System der Fallunterscheidungen kaum noch zu durchschauen

Grundsätzlich sei das System der Corona-Fallunterscheidungen zu komplex und bürokratisch geworden, kritisiert auch Mark Barjenbruch, Vorsitzender der KV Niedersachsen. Wenn ein Patient vom Gesundheitsamt zum Test geschickt worden sei, müsse der Test dem Gesundheitsamt in Rechnung gestellt werden – allgemeingültige Abrechnungswege würden dafür aber noch nicht bestehen. Wenn ein Patient dagegen einen Test benötige, weil etwa der Arbeitgeber einen negativen Nachweis verlangt, müsse er dies aus eigener Tasche bezahlen. Gehe wiederum ein Patient für eine Operation ins Krankenhaus, müsse dieses den Test als prästationäre Leistung übernehmen.

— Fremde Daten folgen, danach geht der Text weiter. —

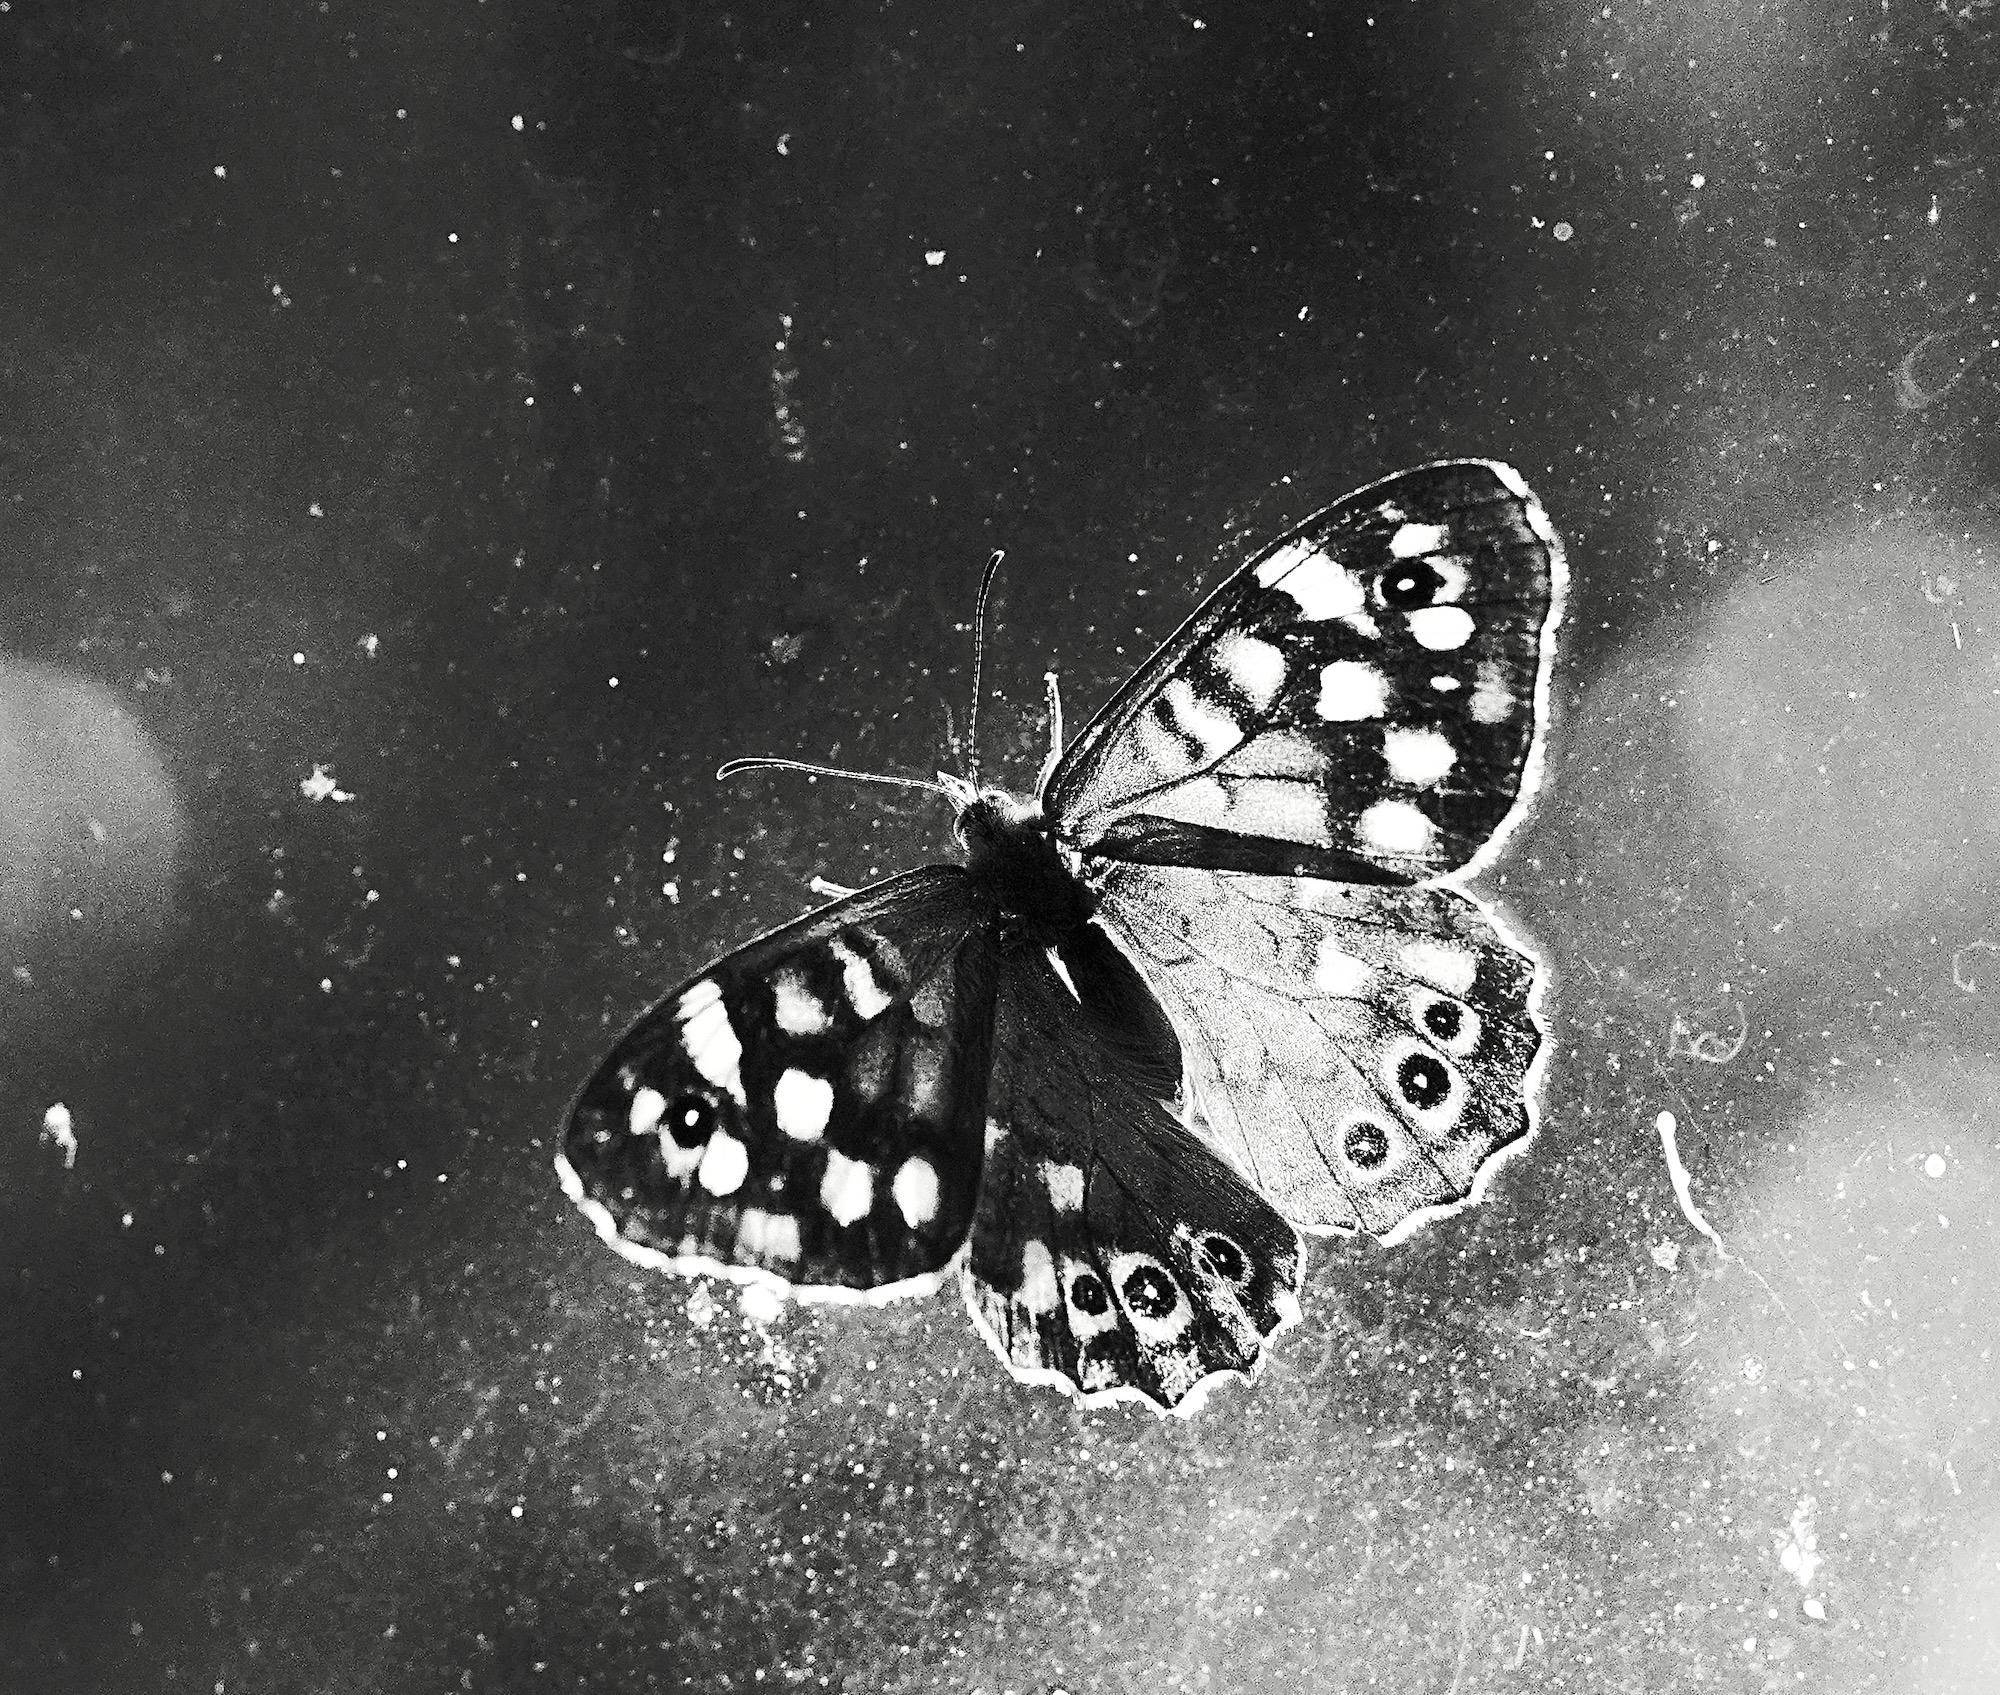 vlinder-bw-4 - 1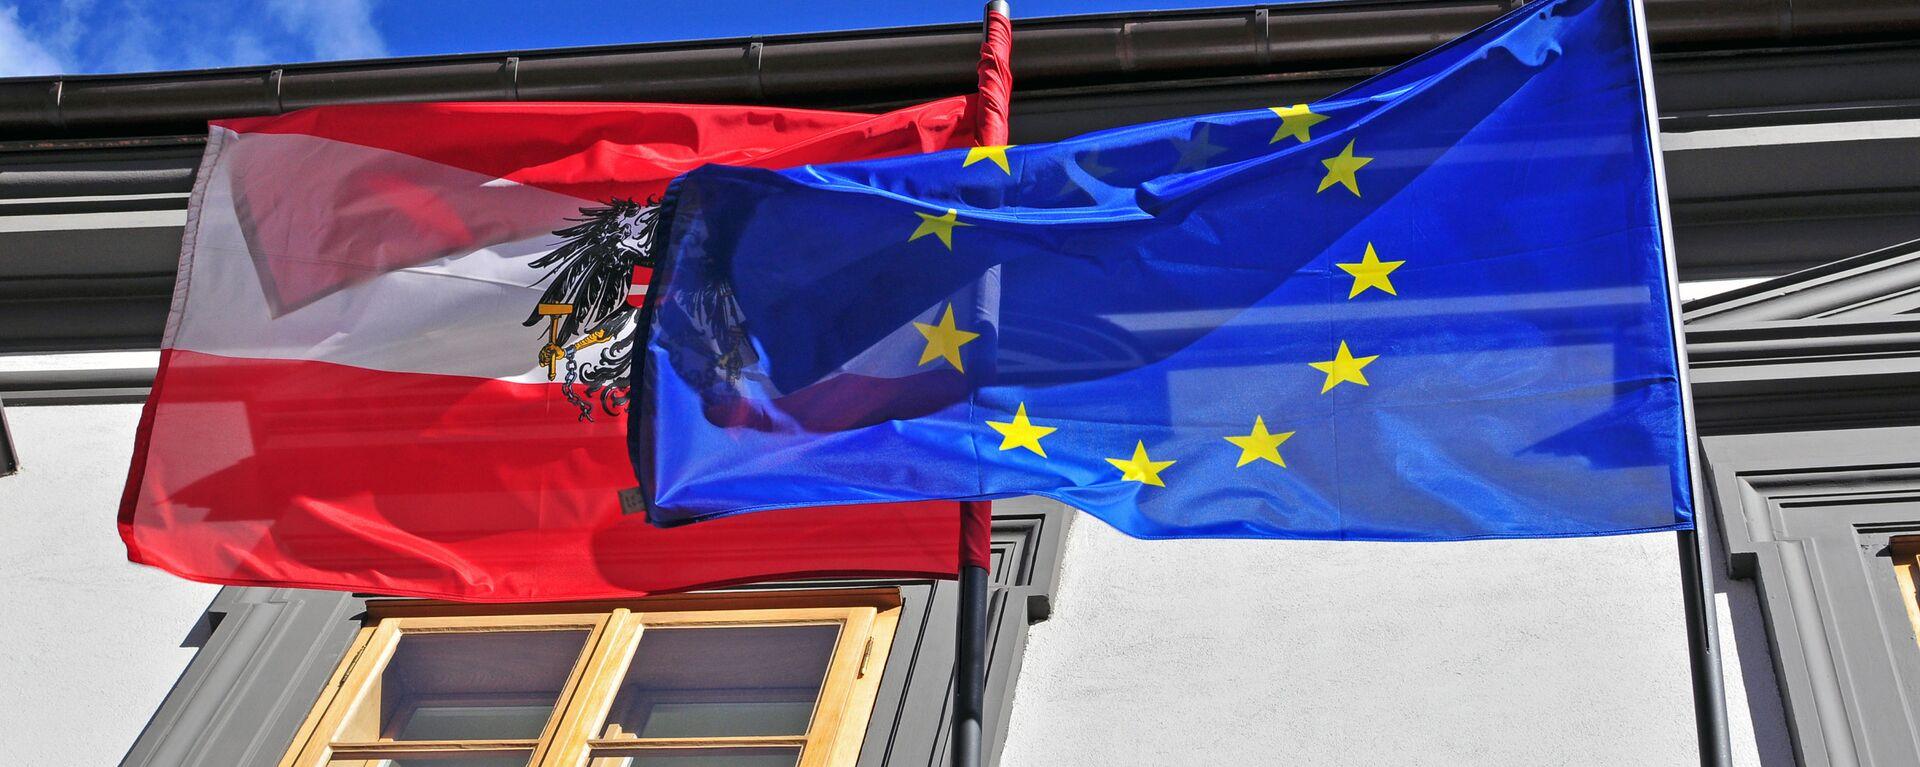 Vlajky Rakouska a EU - Sputnik Česká republika, 1920, 23.04.2021

Eine Begleitperson müsste den Test selbst bezahlen.

In Rheinland-Pfalz haben Politik und KV derweil eine harmonische Lösung gefunden: Das Land übernimmt die Verantwortung für die Testung der Rückkehrer und hat hierfür vier Testzentren eingerichtet. Reisende aus Nicht-Risikogebieten können diese Strukturen freiwillig nutzen. Die Landesregierung betonte explizit, dass Vertragsärzte nicht verpflichtet sind, den Abstrich anzubieten. Die KV begrüßt die rasche Reaktion und erklärt, sie sei gerne bereit, den Öffentlichen Gesundheitsdienst zu unterstützen. Sie stellt eine Liste der Niedergelassenen zusammen, die den Abstrich ebenfalls anbieten und an die verwiesen werden kann.